Post-Industrial Revolution: Welcome to Heel

Hello from Gdańsk.

I've been without internet for a few days, doing tourist things and enjoying the weather, so this is the first post.

---

Whenever I go to a new place, I'm overloaded by differences between where I am and where I've come from. Inevitably, I'm drawn to the uncanny rather than the overtly unfamiliar. At first the feeling is one of recognition, but then, as I begin to understand what I'm looking at, dislocation creeps in.


This is near Modelarnia, the project space in which we will be exhibiting. 'Slayer!' I shouted, when I saw it.

I asked whether Slayer had ever played in Gdańsk, and Marta said they hadn't. Apparently an artist had painted it for a project that no one could remember.

Here is Slayer guitarist Kerry King playing with Pantera, a few weeks before Dimebag Darrel was murdered on stage...


Around the corner from this building I found this warning sign.

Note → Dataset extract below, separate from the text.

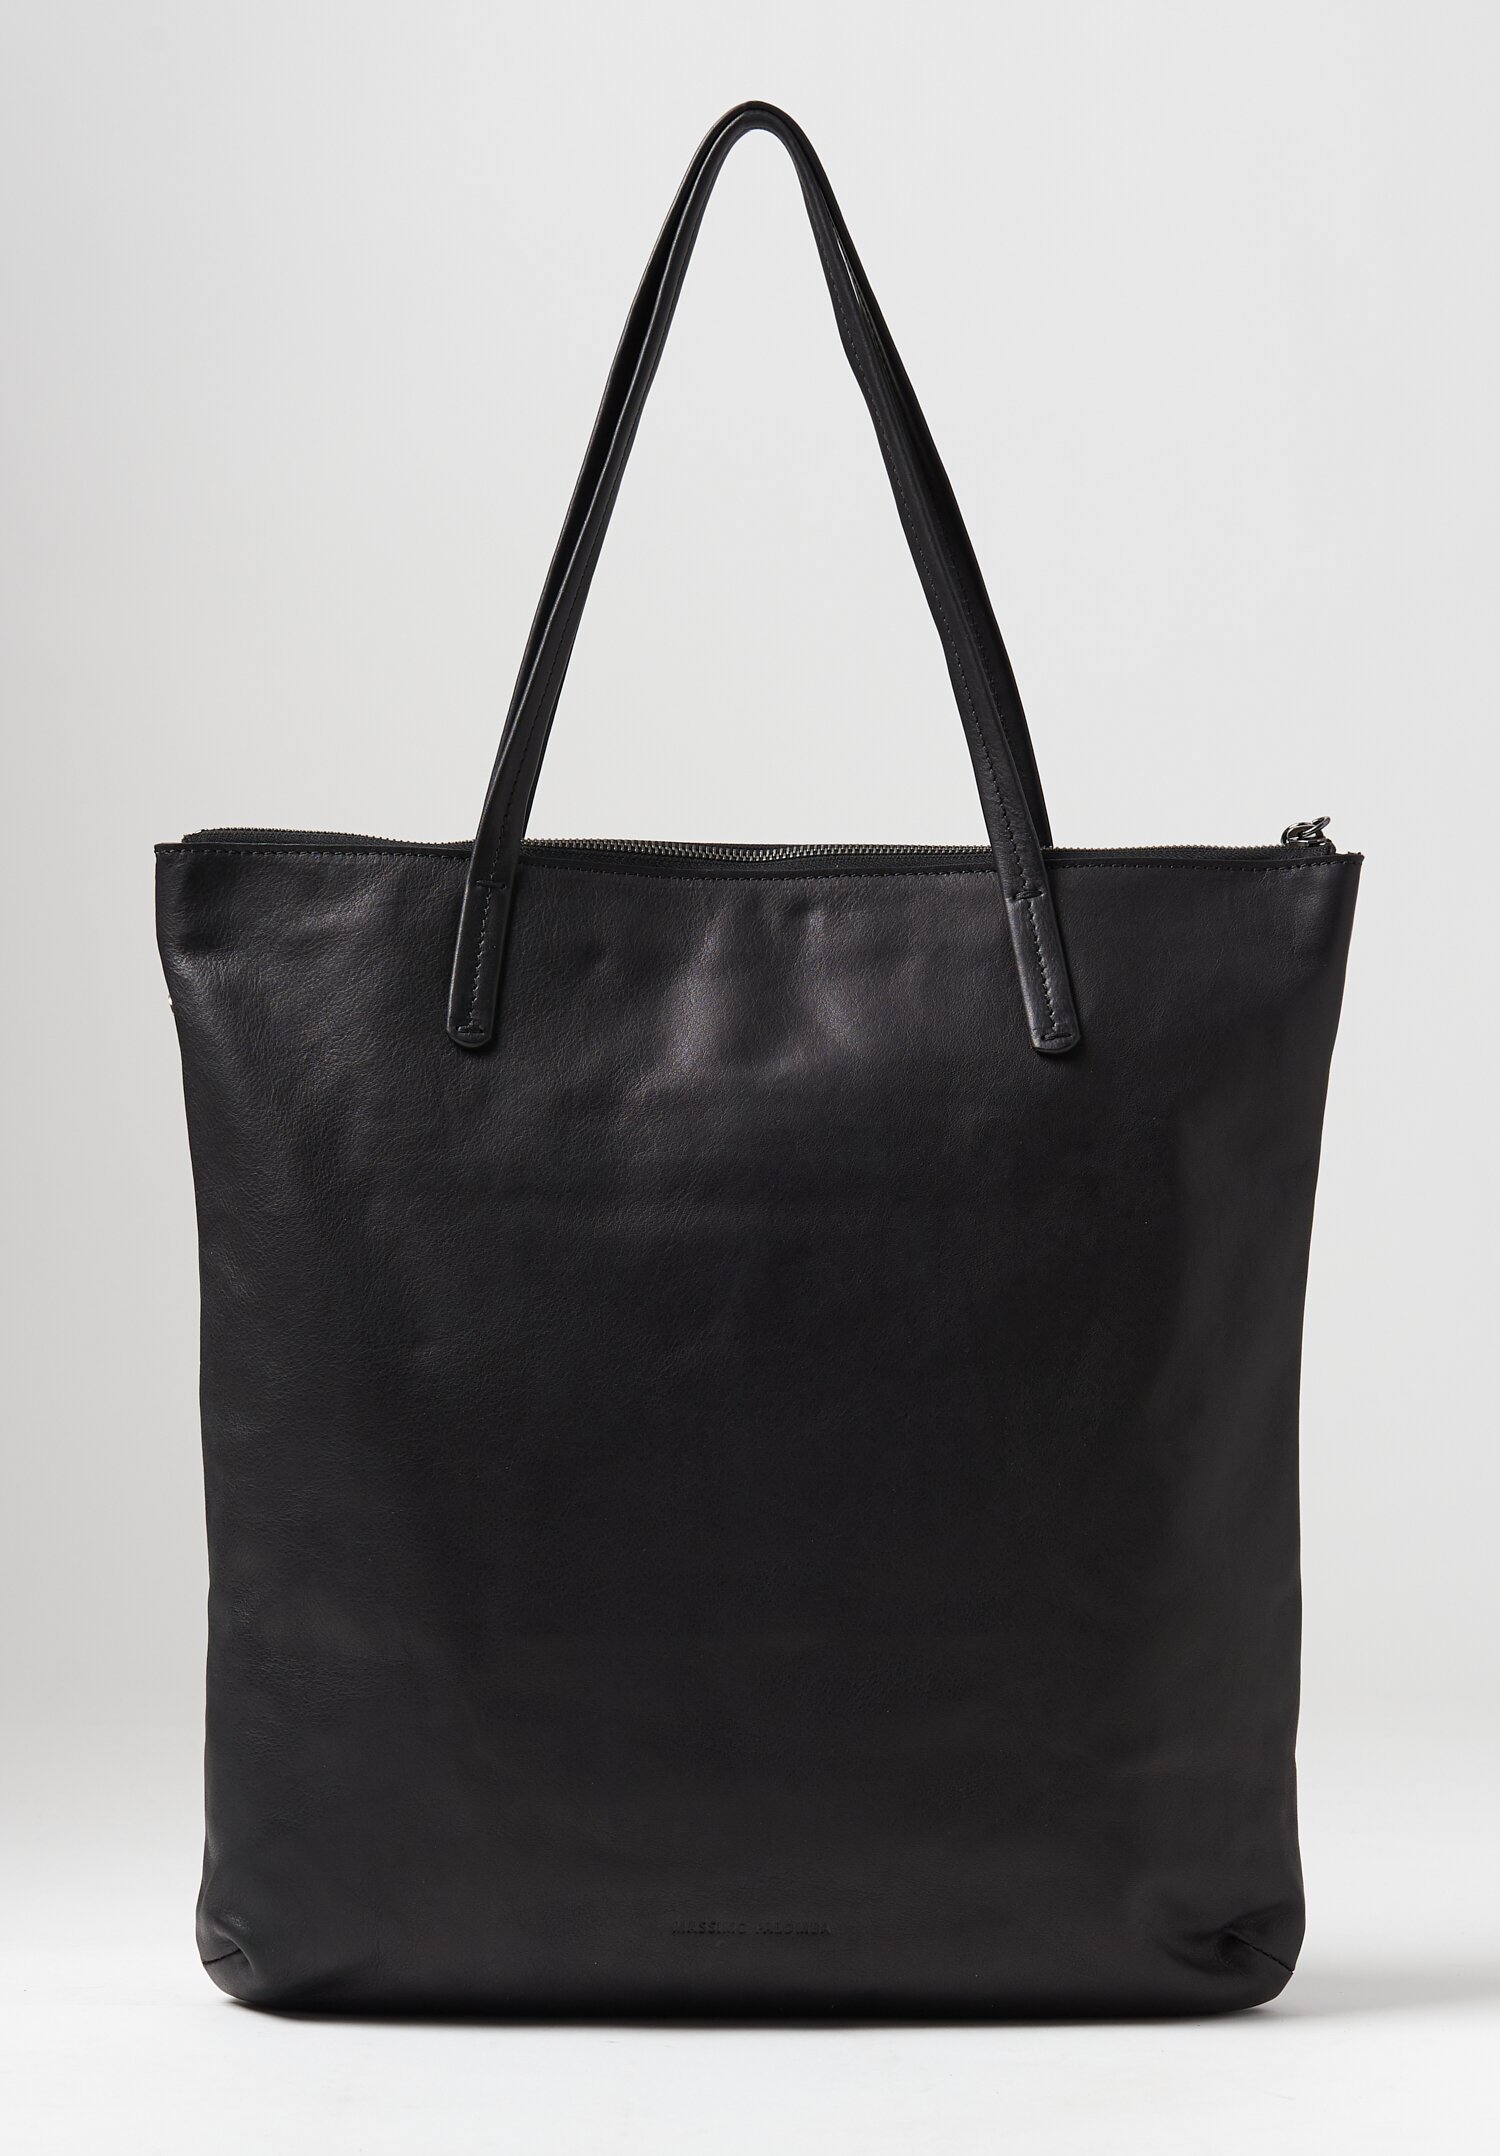 Massimo Palomba Marlena London Tote Bag in Black | Santa Fe Dry Goods ...

Which is pretty much a ready made thrash metal logo.

It's funny, because Roma was saying that the first thing she noticed when she moved to the UK was our obsession with health and safety, but when we were investigating the shipyards, we found this warning sign.


It is an old health and safety sign from the Communist era. It has pictures of goggles, gloves and a hard hat, and the text says something like, "without these, accidents can happen". Which is quite similar to this.


Although, a little more home made.

---

More graffiti from the shipyard.


Not quite sure what they meant by this, maybe that we must never forget our own mortality, and that the utopias offered by political ideologues ignore our essential humanity, or maybe it just looked cool.


And here is a nice one from Puck, 'WELCOME to HEEL'. There is a place called Hel near Gdańsk, though I don't this is what they're talking about.

Hi Ronaldo.

On the same wall there was this


Actually, it was all over the walls. It means '21 x yes' in English, and it refers to the 21 demands of Solidarność, the trade union based in the shipyards of Gdańsk. More about them in a future post, but as far as I can tell, this graffito is a celebration of the success of Solidarność, which eventually went on to form a coalition government in the democratic elections of 1990.

I picked up a copy of the demands, and what's interesting is that most of the demands are pretty standard - extra pay for shift work, maternity leave, etc. Nowhere does it call for democracy or free elections. Solidarność are famous because their strike action is linked to the collapse of Communism, but the '21 x Tak' graffiti suggests that their relevance to contemporary Poland might be more to do with their practical demands than revolutionary change

---
And, one more, this time from Stansted airport. A nihilistic warning sign.